California Labor Code Section 4610 specifies only that “Communications regarding decisions to approve requests by physicians shall specify the specific medical treatment service approved,” while California Code of Regulations (CCR) Section 9792.9.1 states:

“All decisions to approve a request for authorization shall specify the date the complete request for authorization was received, the medical treatment service requested, the specific medical treatment service approved, and the date of the decision.”

Nowhere do these California laws or regulations authorize the payer to subsequently second-guess the treatment or walk back payment. Yet, Zurich’s UR response declares that the document is “NOT AN APPROVAL OF BENEFITS” and states that “ONLY A CLAIM ADJUSTER MAY MAKE A GUARANTEE OF PAYMENT.”

Unfortunately, the California Division of Workers’ Compensation (CA DWC) doesn’t discourage this behavior.

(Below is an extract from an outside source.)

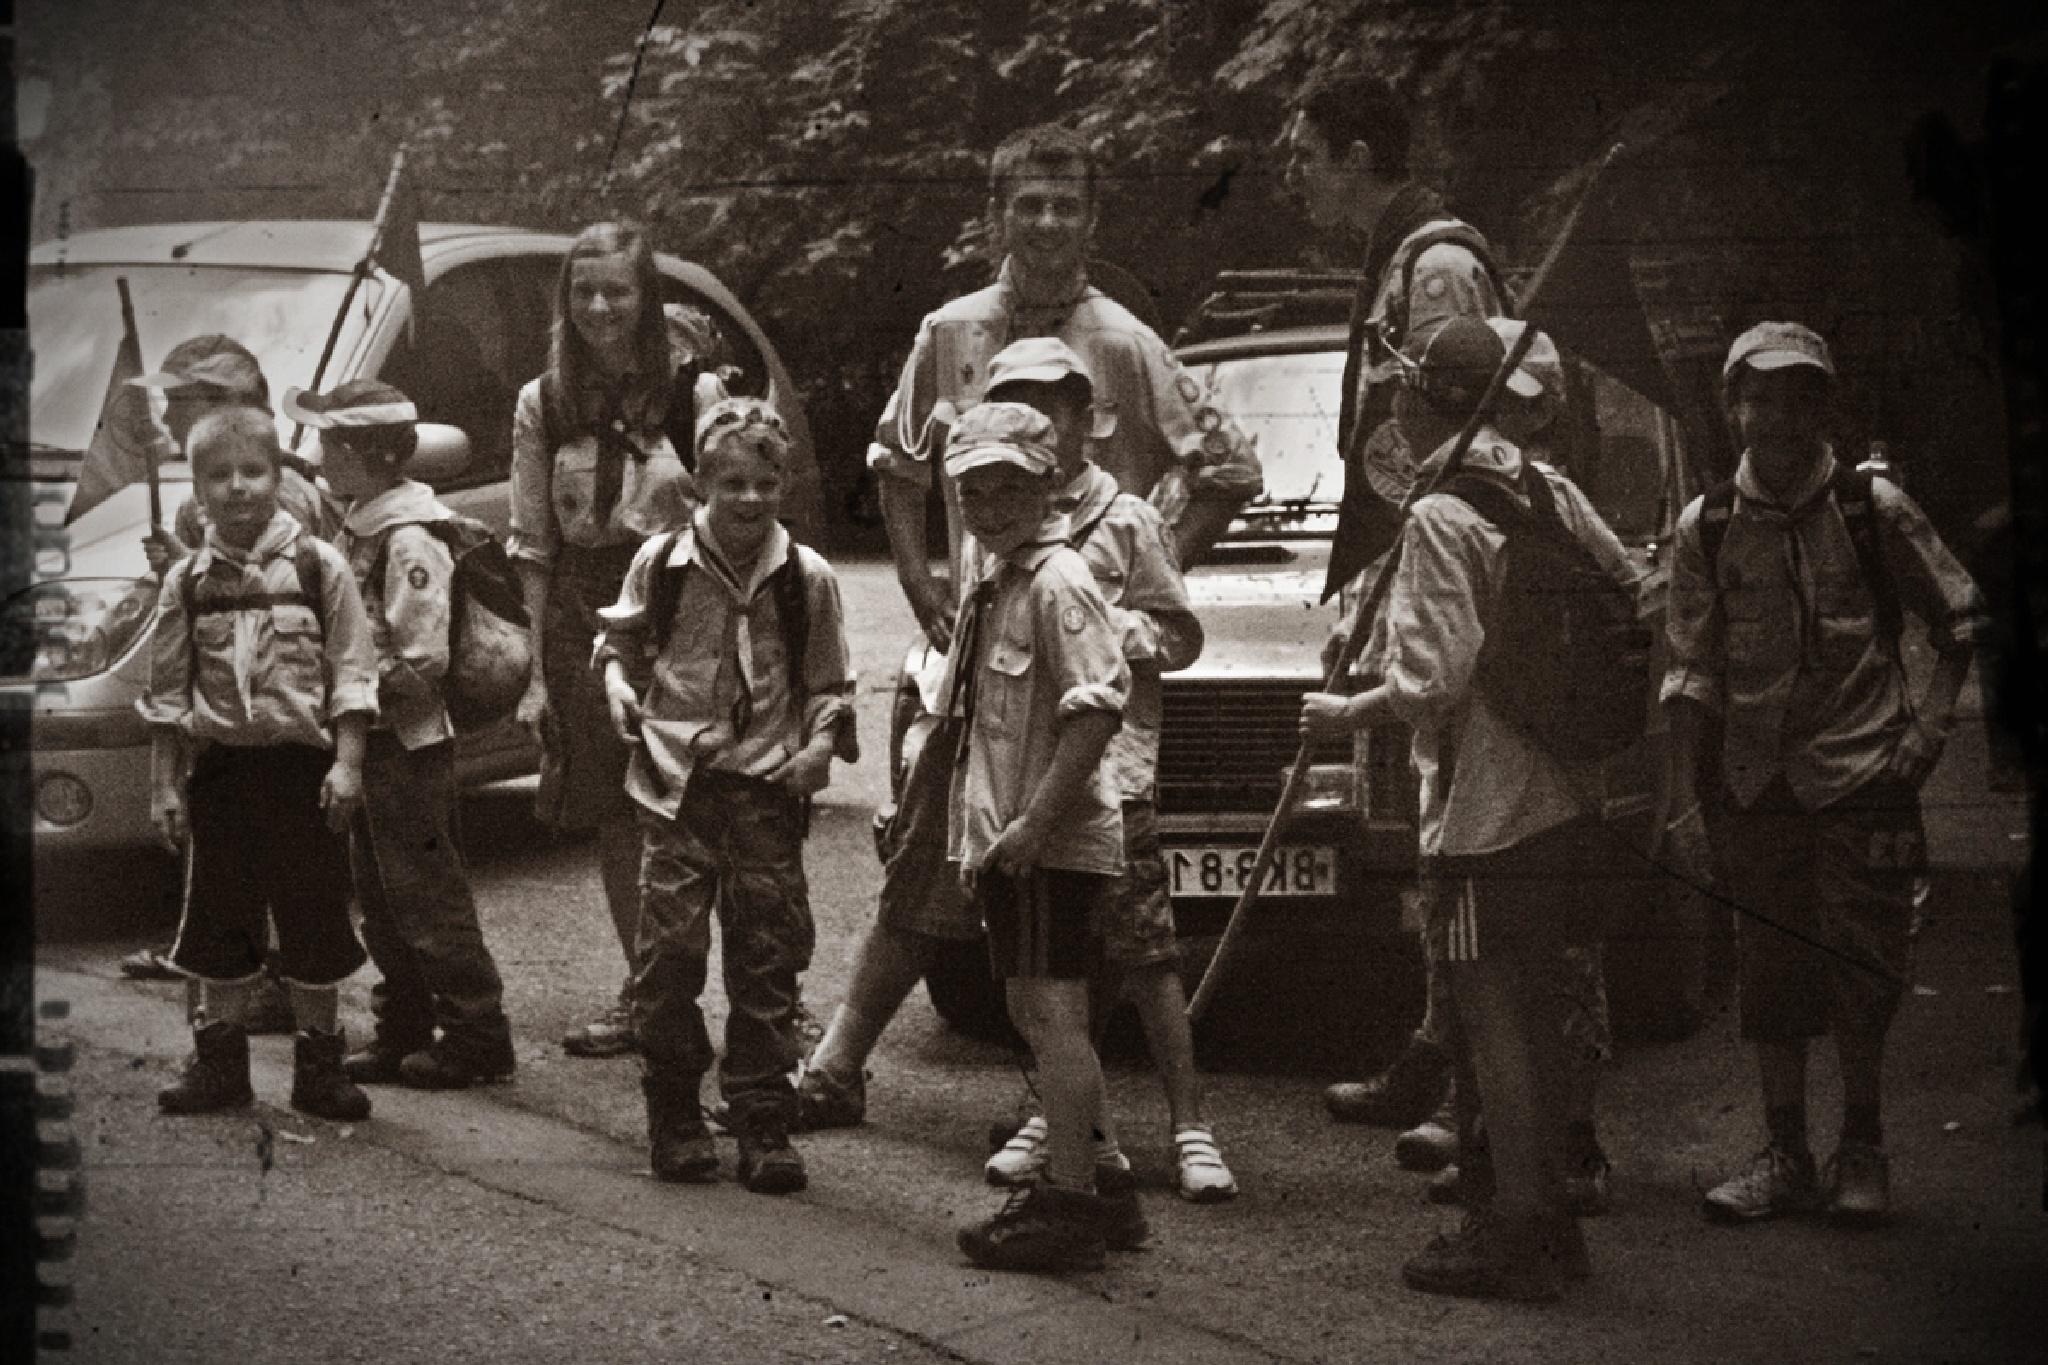 Detachment of scouts by Bobbyus

In 2024, the CA DWC quietly deleted a key FAQ from its website. That FAQ previously confirmed a basic, vital truth: when treatment is authorized, payment is guaranteed. With that deletion, the CA DWC sent a chilling message that casts doubt over whether any authorization truly secures payment.

Providers are left twisting in the wind, forced to provide care with no real assurance they’ll ever be reimbursed.

CA Needs Authorization Reform

In California, providers must jump through hoops to submit a perfectly compliant RFA using the official DWC Form RFA. If the provider makes one wrong move, the request can be denied.

Meanwhile, claims administrators face no such scrutiny. There is no standard form or format for responding to RFAs; they can respond with vague, bloated, borderline-illegible documents like Zurich’s mess above, which still counts as a valid UR decision.

This double standard puts providers in a perpetual bind. When the payer’s response is unclear (or nonsensical), providers are left guessing. Guessing wrong can mean no payment.

Our advice to the psychologist is simple:

  1. Treat the injured worker for the first counseling session. Zurich technically approved the treatment, even if they refused to say how frequently.
  2. Then, submit a new RFA clearly and precisely requesting a specific number of sessions (so Zurich has less room to play games).

When it comes to authorization, specifics matter. Otherwise, payers can (and will) claim that treatment wasn’t properly authorized.

Let’s not forget who ultimately pays the price for this bureaucratic gamesmanship: California employers and their injured workers. Employers are stuck with ever-rising workers’ comp premiums while injured workers receive delayed, substandard care dictated by insurers instead of doctors.

Until California ends the double standard and requires claims administrators to issue clear, standardized RFA responses, the system will remain rigged in favor of payers, at everyone else’s expense.